EXERCISE:
Please output every line of the material as it stands, without the pictures.

MATERIAL PROVIDED:
──────────

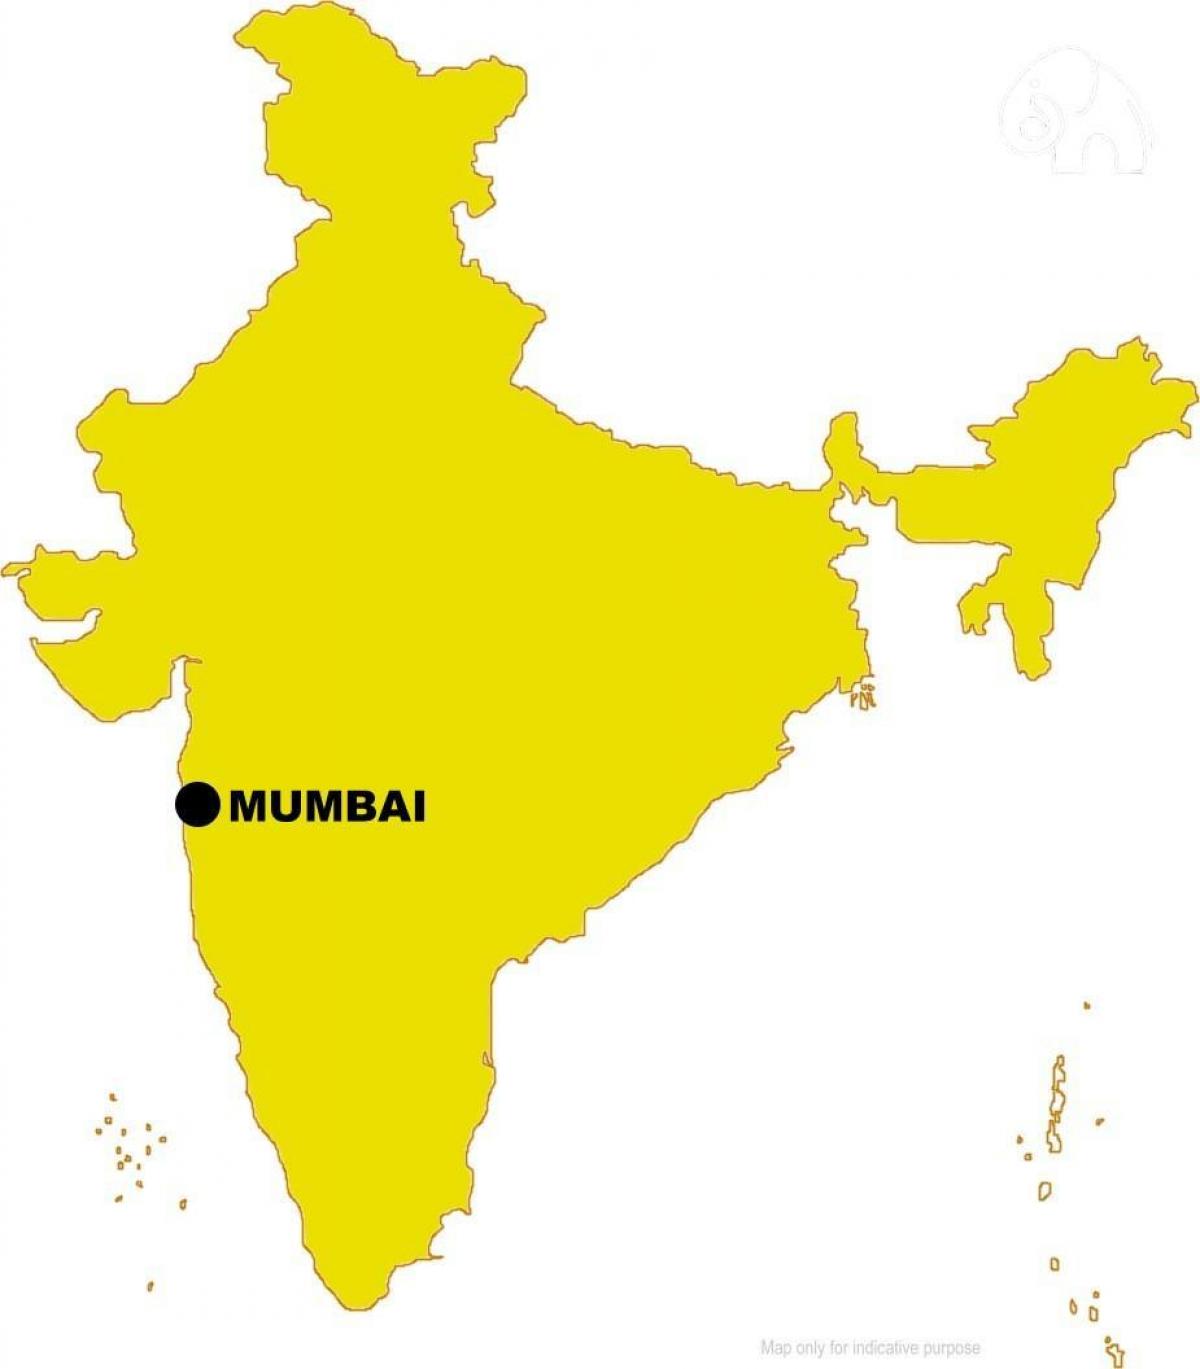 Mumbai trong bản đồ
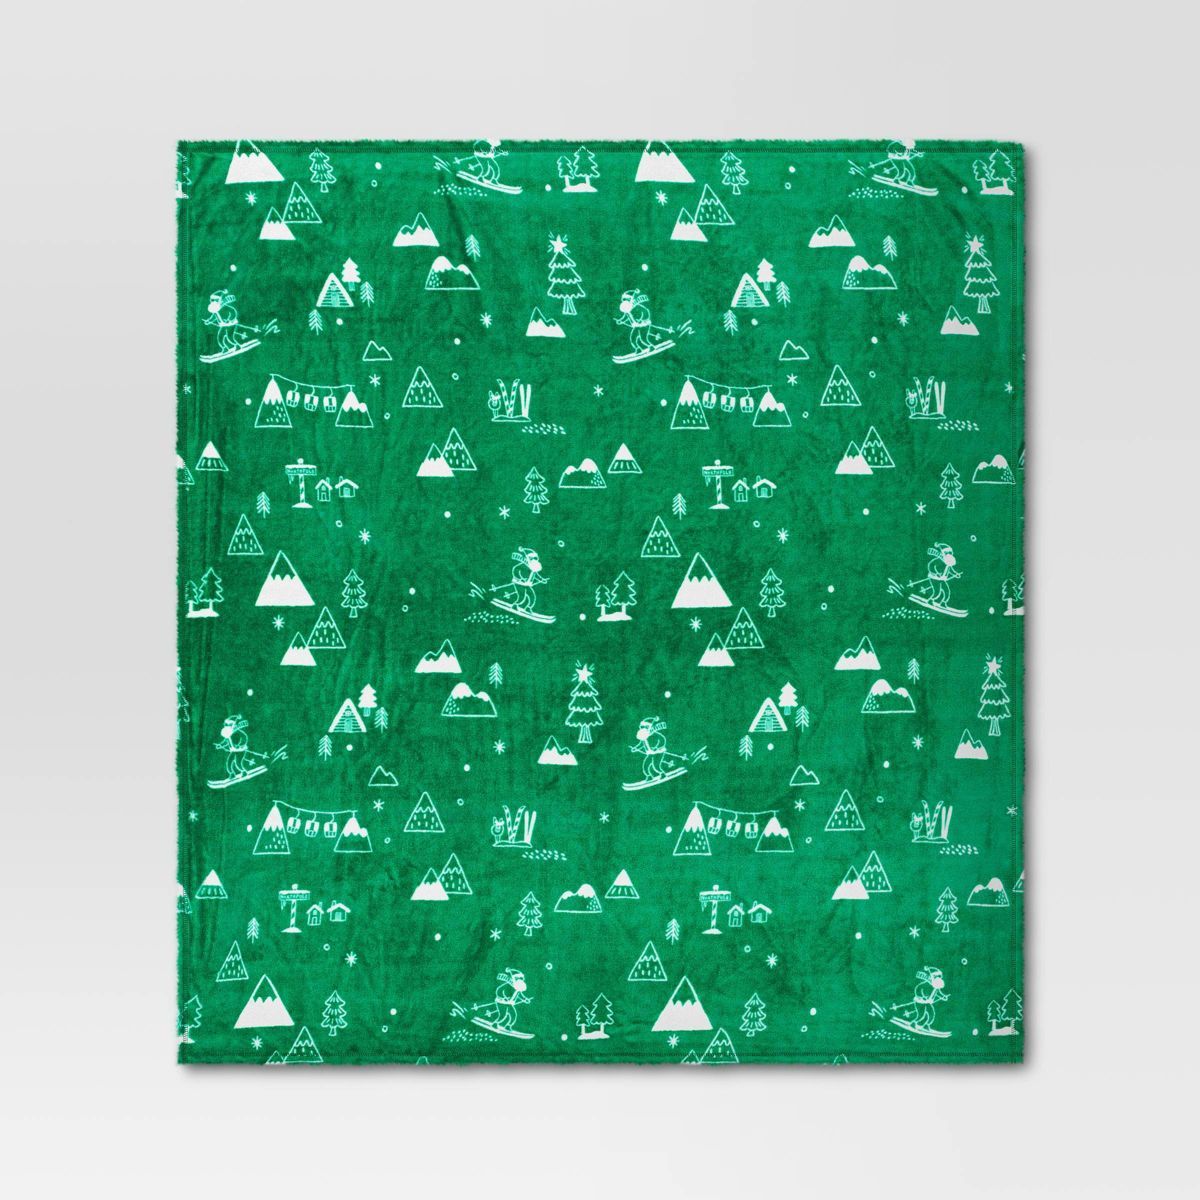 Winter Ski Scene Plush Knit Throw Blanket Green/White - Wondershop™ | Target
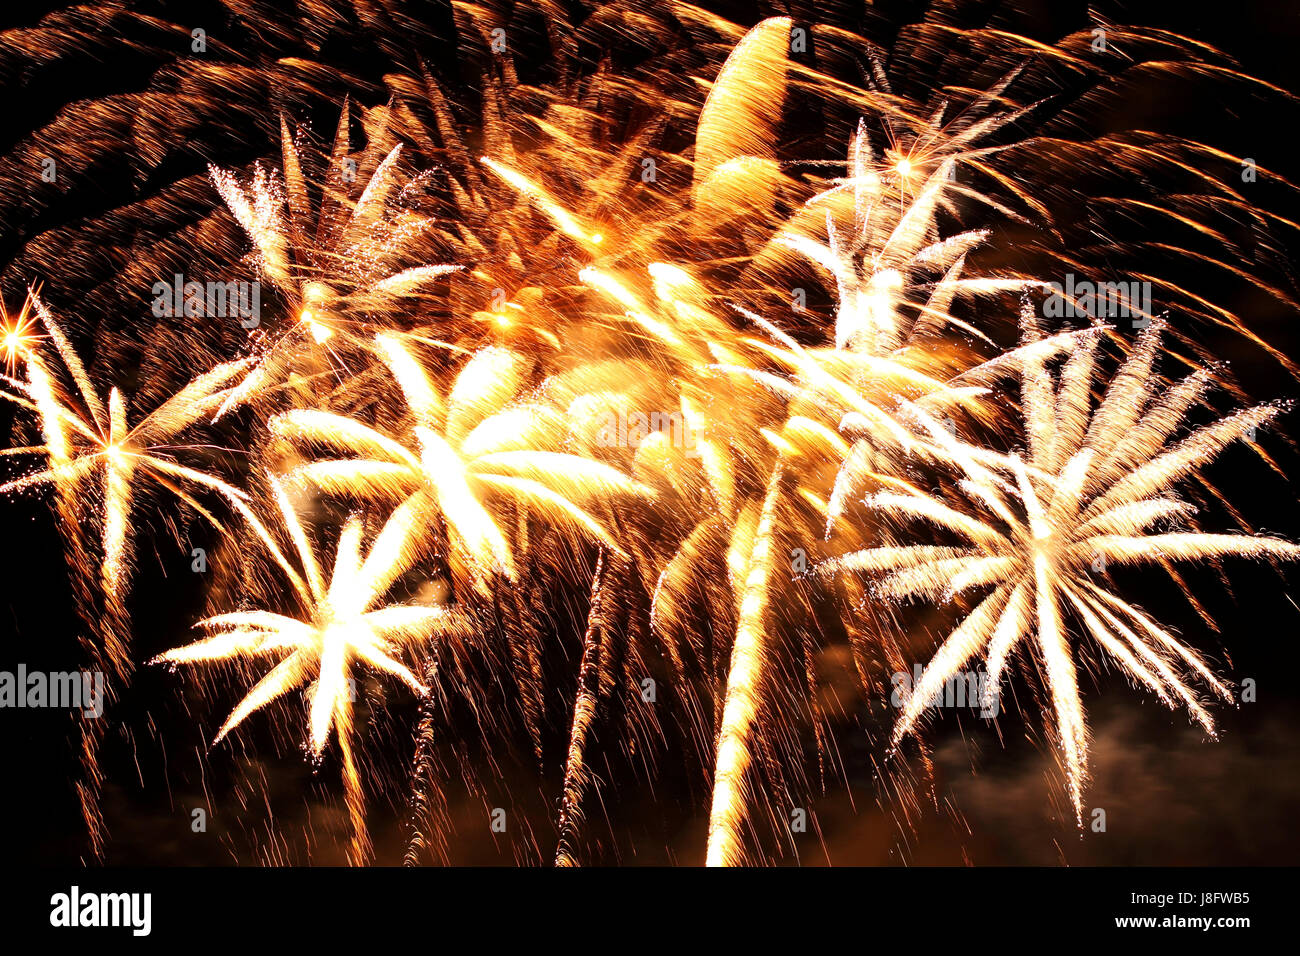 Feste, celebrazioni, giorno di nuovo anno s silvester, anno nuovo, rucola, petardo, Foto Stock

──────────

EXERCISE SOLUTION:
 Mumbai trong bản đồ
 Winter Ski Scene Plush Knit Throw Blanket Green/White - Wondershop™ | Target
 Feste, celebrazioni, giorno di nuovo anno s silvester, anno nuovo, rucola, petardo, Foto Stock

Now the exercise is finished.